Ночь прохладная. На траве роса. У своего истребителя я разостлал на земле самолетный чехол, лег и укрылся регланом. Кажется, только задремал, как раздался торопливый голос Васильева:

— По самолетам!

Прыжок, и я в кабине. Второе движение — и на мне парашют.

Через полчаса солнце поднялось над горизонтом и посеребрило росистую степь. Слабый ветерок, слегка пошевеливая траву, делал ее похожей на морскую гладь, поблескивающую мелкой рябью.

Аэродром застыл в тревожном ожидании. Кругом необыкновенная тишина. Шакал, бежавший по степи, издалека заметил самолеты, навострил уши и, принюхиваясь, немного постоял, потом поджал хвост и скрылся. Звонкие жаворонки, поднявшись высоко, начали славить начавшийся день. Воздух, пока еще не раскаленный, был спокоен. Ясные степные дали сливались с горизонтом.

На аэродром привезли завтрак. Из кабин вылезать не разрешалось.

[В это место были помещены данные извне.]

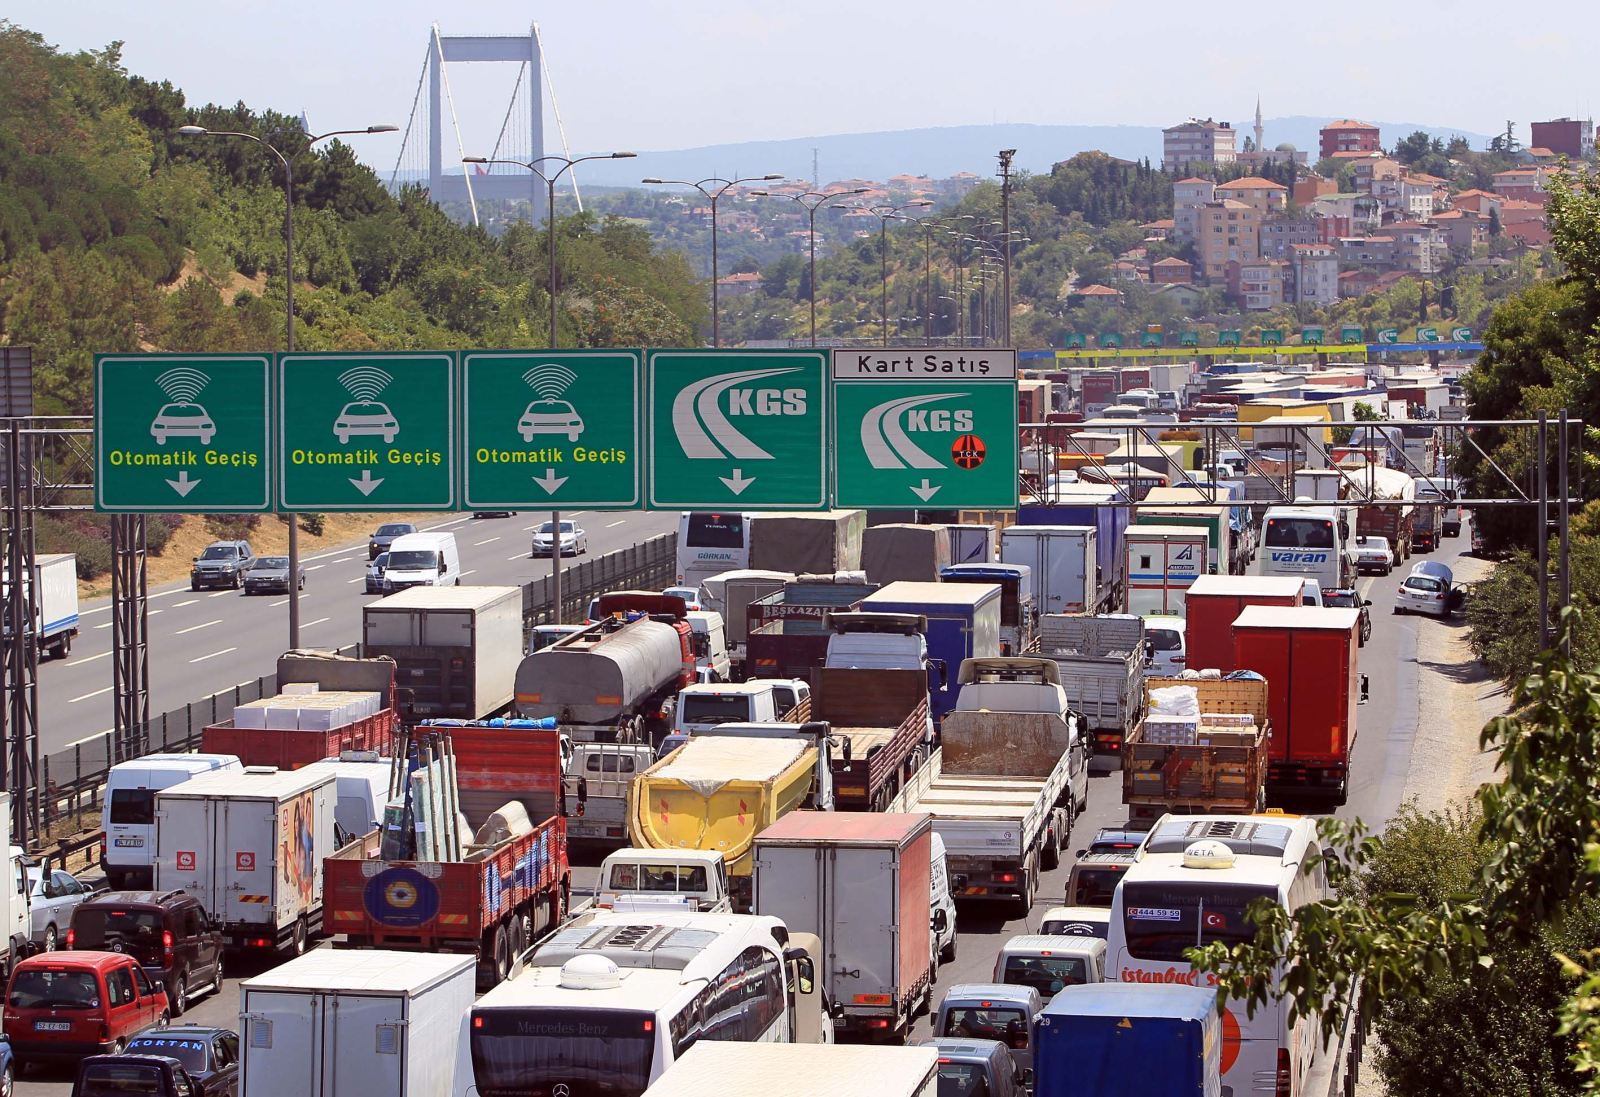 Kurban Bayramında otoyol ve köprüler ücretsiz mi 2021? İşte Kurban Bayramı ücretsiz otoyollar, köprüler...

— Есть не хочется, а вот чайку бы не помешало выпить, — сказал я технику.

Едва я принял из его рук кружку с какао, бутерброд с икрой и маслом, как в воздух взвились красные ракеты.

Аэродром пришел в движение, как потревоженный муравейник. Через минуту эскадрилья в воздухе.

Вылет оказался холостым. Пока самолеты заправляли бензином, мы позавтракали. И снова дежурство в кабинах.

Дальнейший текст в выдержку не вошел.